Нет, с нормальными людьми казенно-уставным языком общаться не могу. Поэтому протянул руку и представился:
– Меня зовут Илья Лисов, а тебя?
– Владимир Смирнов, товарищ капитан.
–Вот что, Володя, давай без чинов и рассказывай, что тут произошло.
Произошло то, что я и предполагал. Уголовный сброд, которого оказалось довольно много во взводе Смирнова, сбился в банду и начал пытаться установить свои порядки. За пять дней, что они пробыли на передовой, успели запугать сержанта, начали угнетать остальных бойцов, а вот теперь пытались наехать на взводного, который хотел прекратить это безобразие мирным путем. После объявления внеочередного наряда самые наглые из них решили «поговорить» с оборзевшим по их понятиям лейтенантом.

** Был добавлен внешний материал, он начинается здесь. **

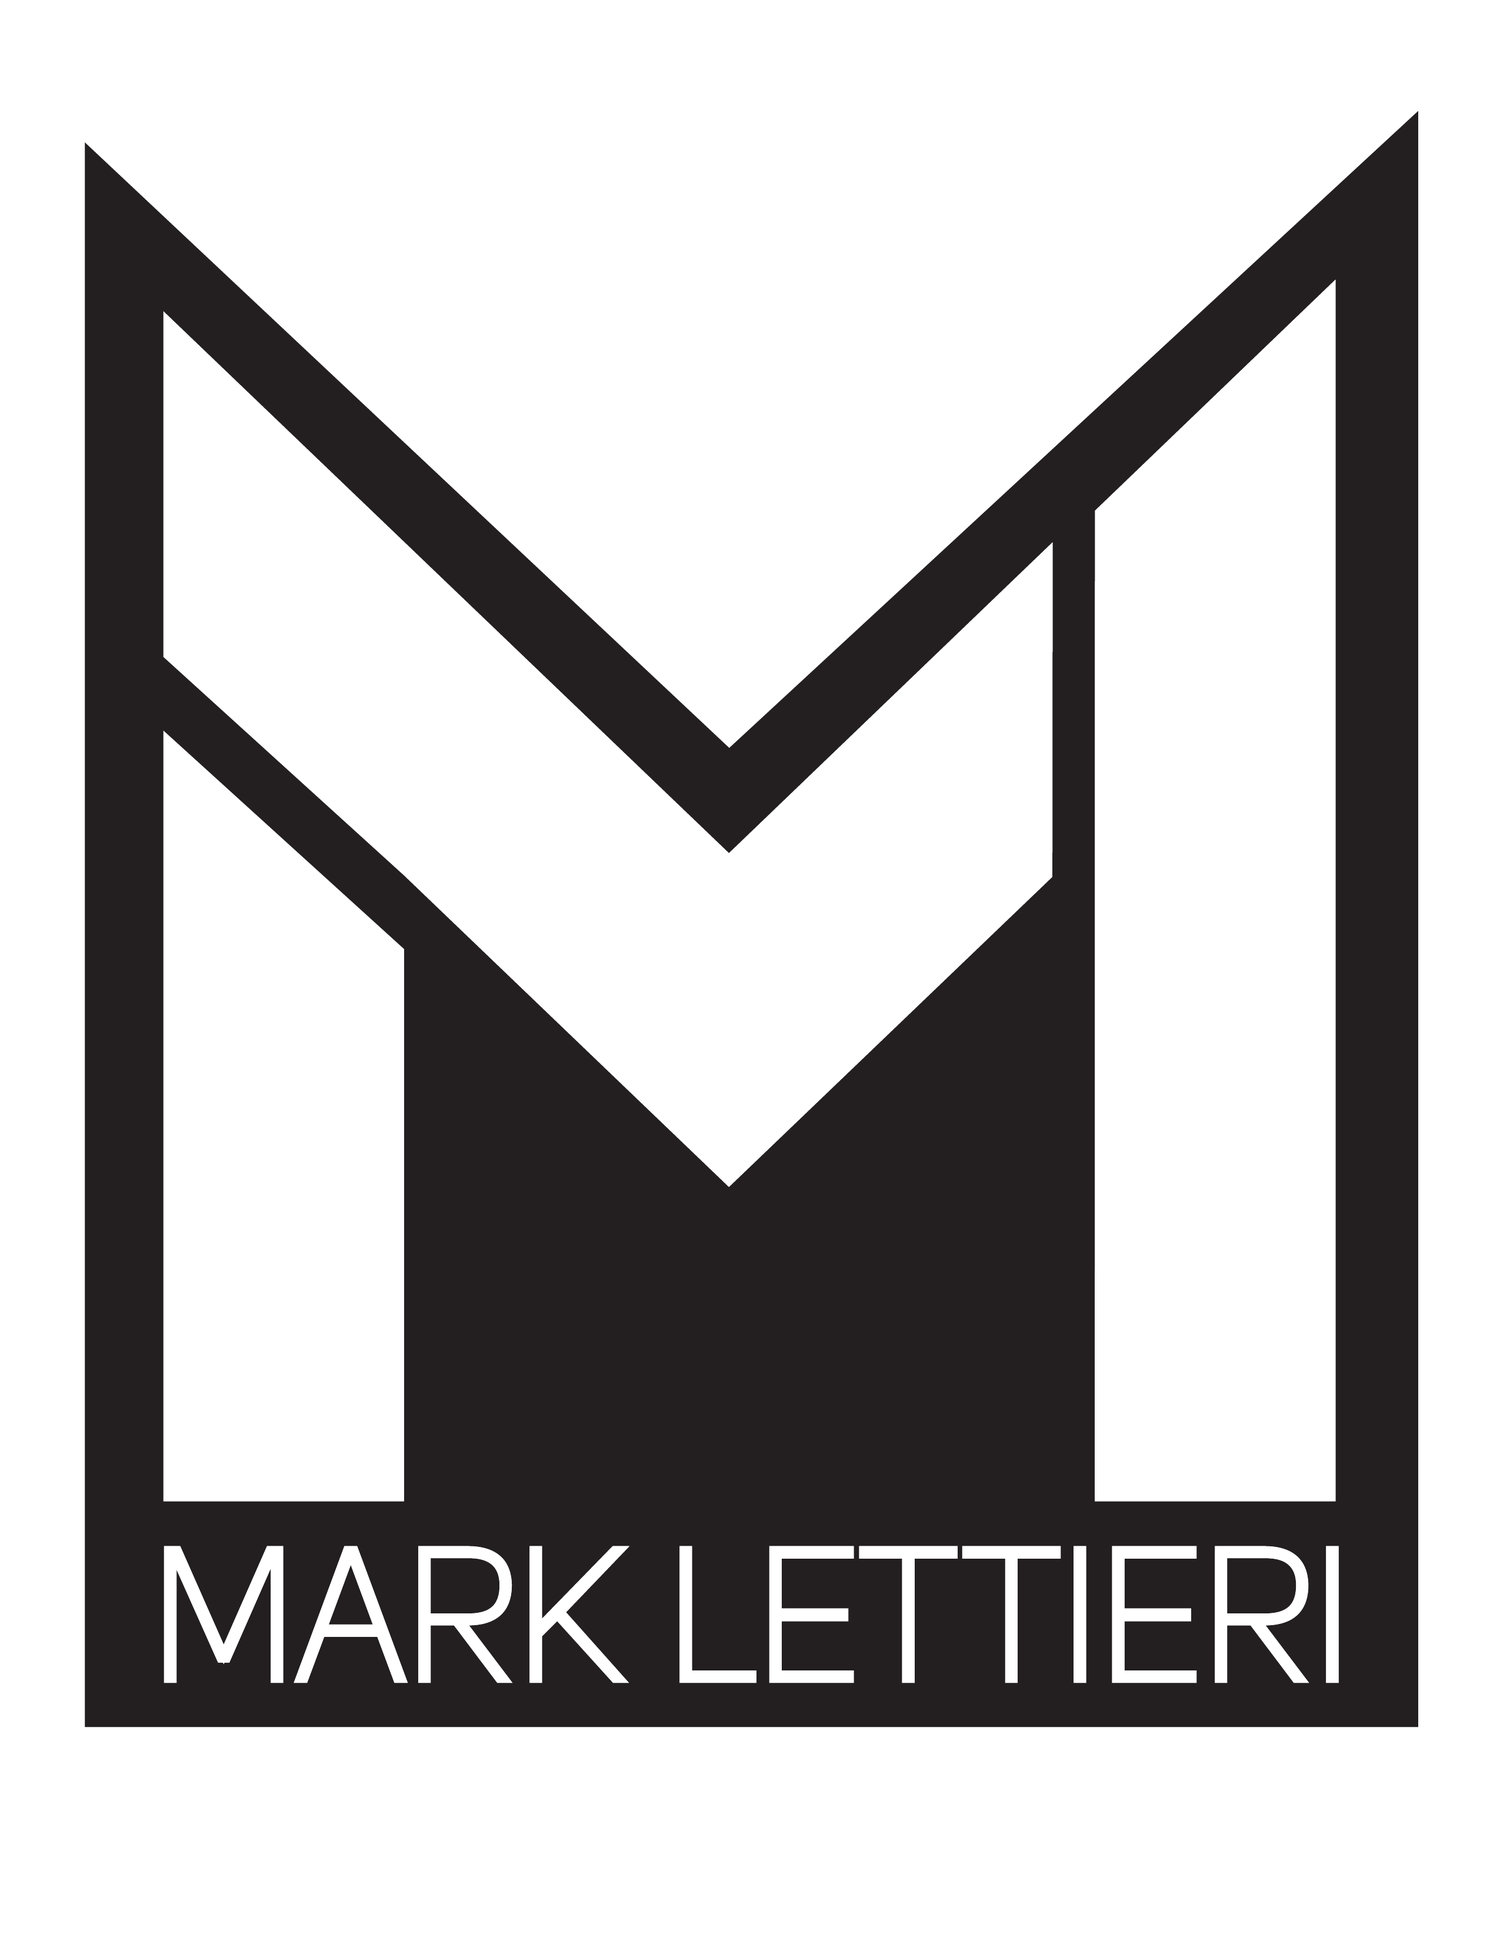 www.marklettieri.com

– И много у тебя во взводе таких ухарей?
– Одиннадцать человек. Но воду мутят, как будто их все тридцать.
– Ротному почему не доложил?
Тут Смирнов неожиданно засмущался, а потом попытался объяснить, что командир взвода именно он, и какой же он взводный, если бойцов обуздать не сумеет. Хе! Нравится мне этот пацан все больше и больше. Единственно, опыта ему немного не хватает. С такими волками нельзя себя вести, как с обычными людьми. Сегодня он бы их, конечно, раскидал, но вот во время возможной завтрашней атаки поймал бы пулю в спину. Эта падаль унижения не прощает. Так и сказал летехе.
– А что же делать?
– Как что делать? – Я удивленно поднял брови. – За нас уже все уставом решено. Имело место нападение на командира. Причем с целью убийства.
Кивнув на выбитый у второго нападавшего на Смирнова нож, продолжил:
– Так что, по всем законам военного времени, светит этим орлам вышка.
Поскуливающий, но прислушивающийся к разговору урка взвыл и попытался вскочить. Пришлось его укладывать быстрым ударом в ухо. Второй лежал тихой мышкой и опрометчивого поступка своего кореша решил не повторять.